Deviance: \(D(\theta)=-2\log(\mathcal{L}(\theta; y)) + C\)
Penalty: \(p_D = \bar{D} -D(\bar{\theta})\)
\(D(\bar{\theta})\): deviance at the posterior mean of \(\theta\)
\(\bar{D}\): average deviance across the posterior samples.

\(\rightarrow\) Already implemented in nimble!

Bayesian using nimble/JAGS

Both nimble and JAGS implement Gibbs sampling/MCMC in a fairly easy to use package that you can call from R. Models are encoded using the BUGS language.

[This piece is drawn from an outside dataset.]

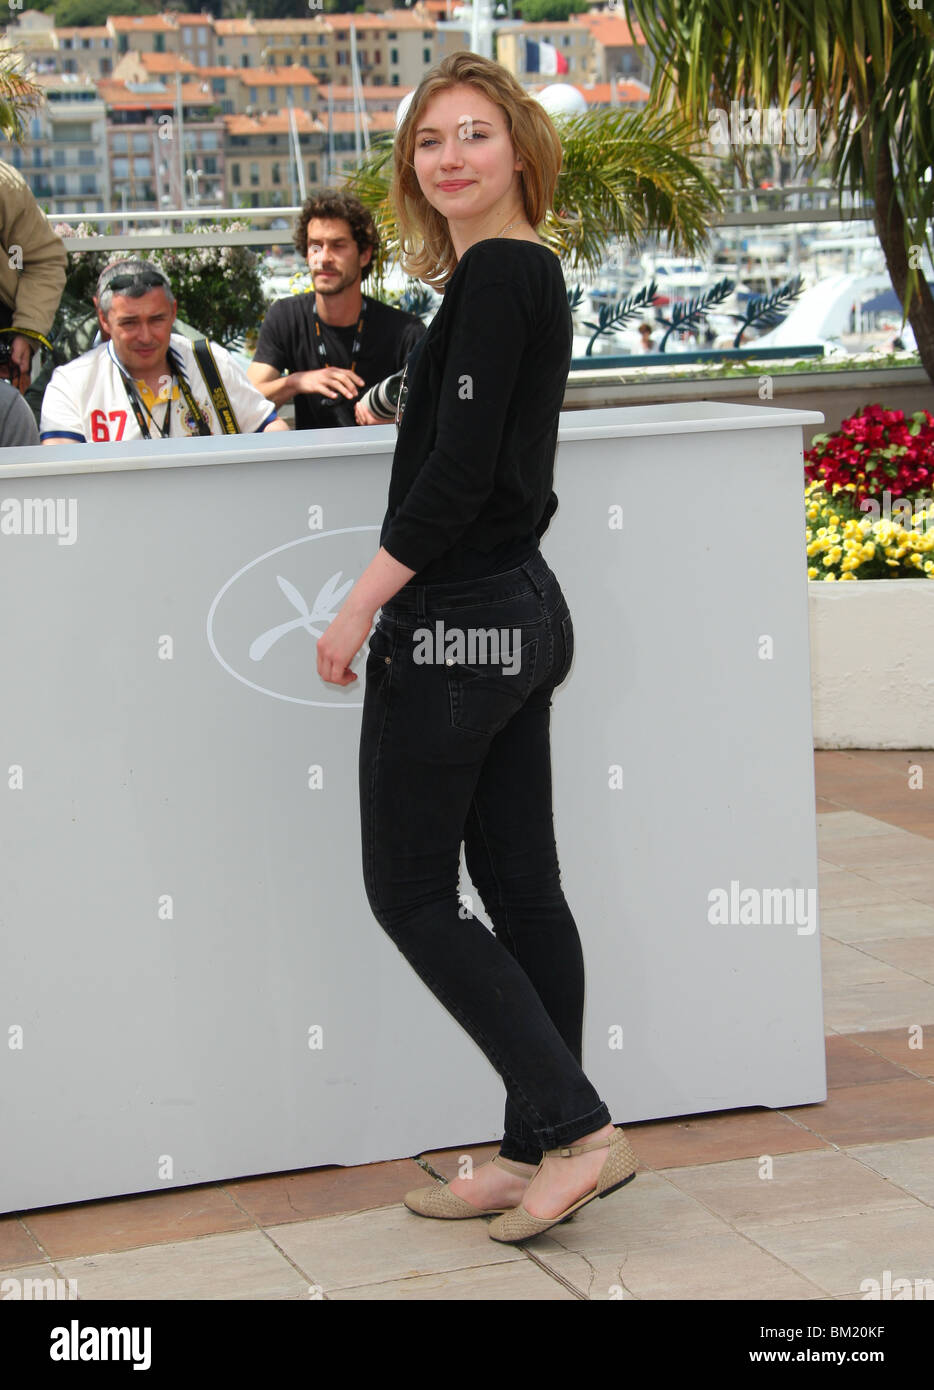 IMOGEN POOTS CHATROOM PHOTOCALL CANNES FILM FESTIVAL 2010 PALAIS DES  FESTIVAL CANNES FRANCE 14 May 2010 Stock Photo - Alamy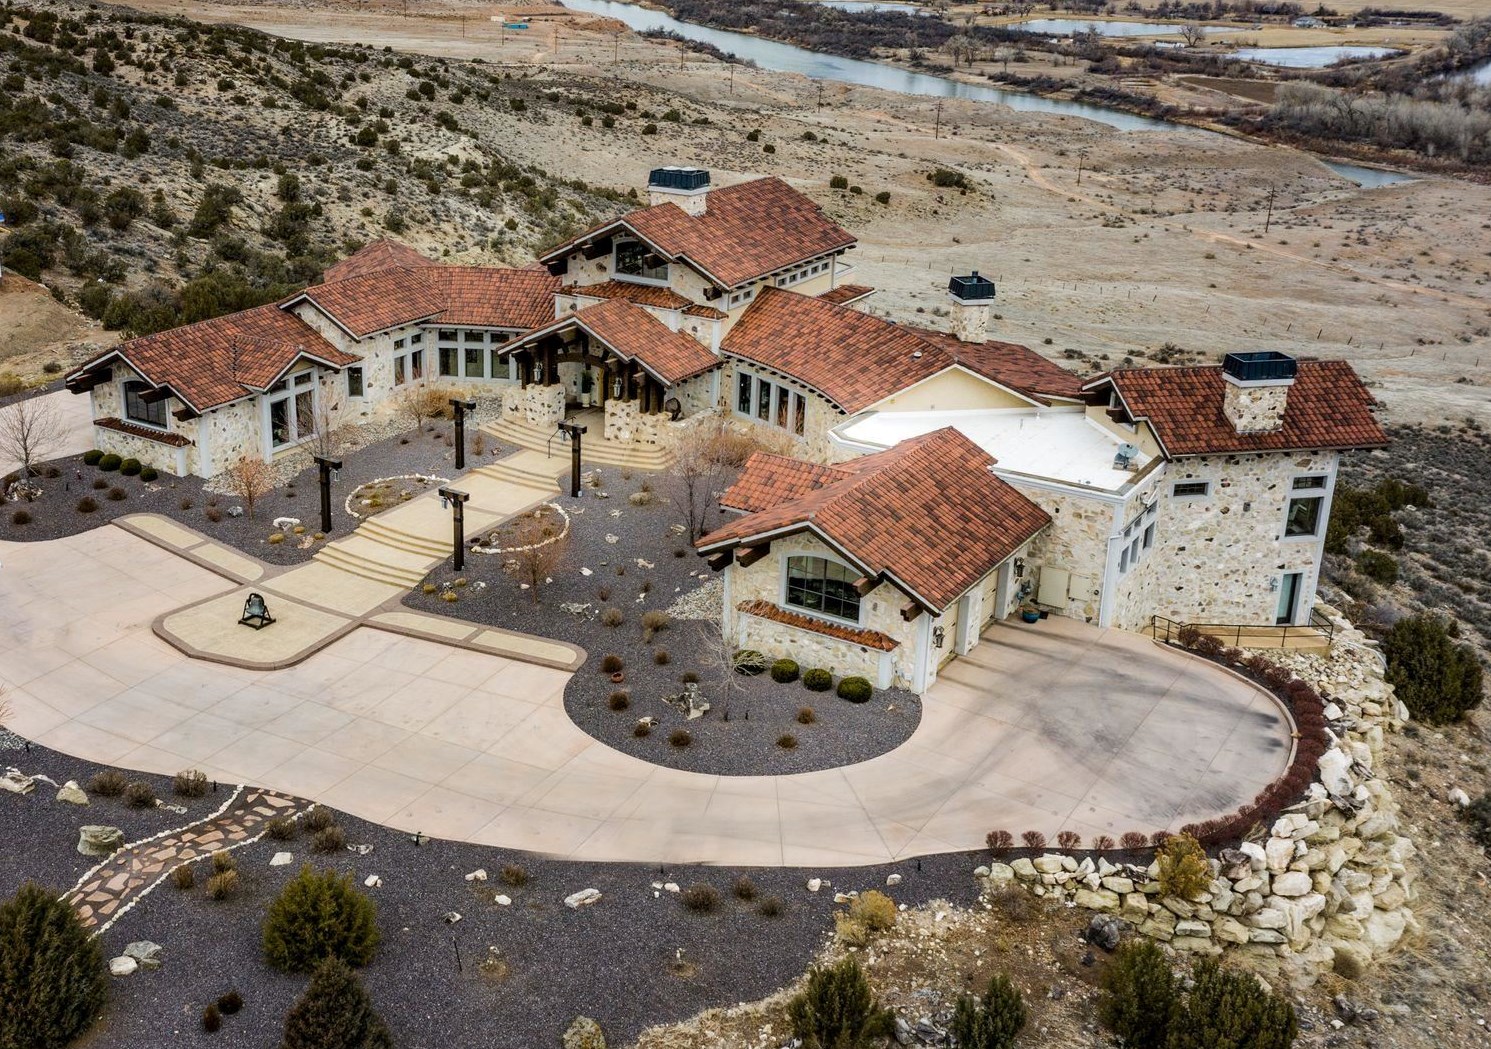 Do not miss your opportunity to own this captivating and timeless Grand Junction Estate. Nestled on 2.35 acres and has breathtaking 360-degree views. Inside you will find dramatic 34' tall ceilings, custom travertine floors, an astonishing stone, a floor-to-ceiling fireplace, and a chef's dream kitchen complete with a butler kitchen. The owner's suite has a true retreat feel. The temperature-controlled wine room is sure to satisfy the fussiest wine collector. Every window is a picture-perfect view of the cityscape, the Colorado River, the Colorado National Monument, The Grand Mesa, and the Bookcliffs. Downstairs you will find a game room, a custom Home Theatre and a 6-person steam room. The guest wing features a powder room, 2 guest suites (each with en suites), and private entrances. The home has 2 garages on opposite ends of the home. The house was built in 2006 and took over two years to complete. The stone was quarried on site. The home runs on Geothermal for heating and cooling and the exterior walls are 12" thick. Out back you will enjoy those stunning Colorado Sunsets on your ultra-private patio. The suspended patio overlooks the Colorado River and has full city views. This outdoor space is complete with a fireplace, hot tub, and room to entertain all your guests.

That is, once you specify the appropriate sampling distribution/likelihood and any priors for the parameters, it will use MCMC to obtain samples from the posterior in the right ratios so that we can calculate whatever we want.

Specifying a BUGS model

The trickiest and most important part of each analysis is properly specifying the model for all of the data that you want to fit. Before you begin to code, you need to decide:

What is the relationship between your predictors and your response?
What kind of probability distribution should you use to describe your response variable?
Are there any constraints on your parameters or responses that you need to encode in your prior or likelihood, respectively?

Next Steps

There are two practicals focusing on using \({\tt nimble}\) and \({\tt bayesTPC}\) to conduct analyses. It has two main chunks:

Comparing your conjugate Bayesian analysis on the midge data to the approximate results with \({\tt nimble}\).
Fitting a TPC to trait data using \({\tt bayesTPC}\) (easier than having to code it yourself in \({\tt nimble}\)!).

For both you’ll be led through visualizing your MCMC chains and your posterior distributions of parameters and predictions. There are also advanced practice suggestions for those who want to go further.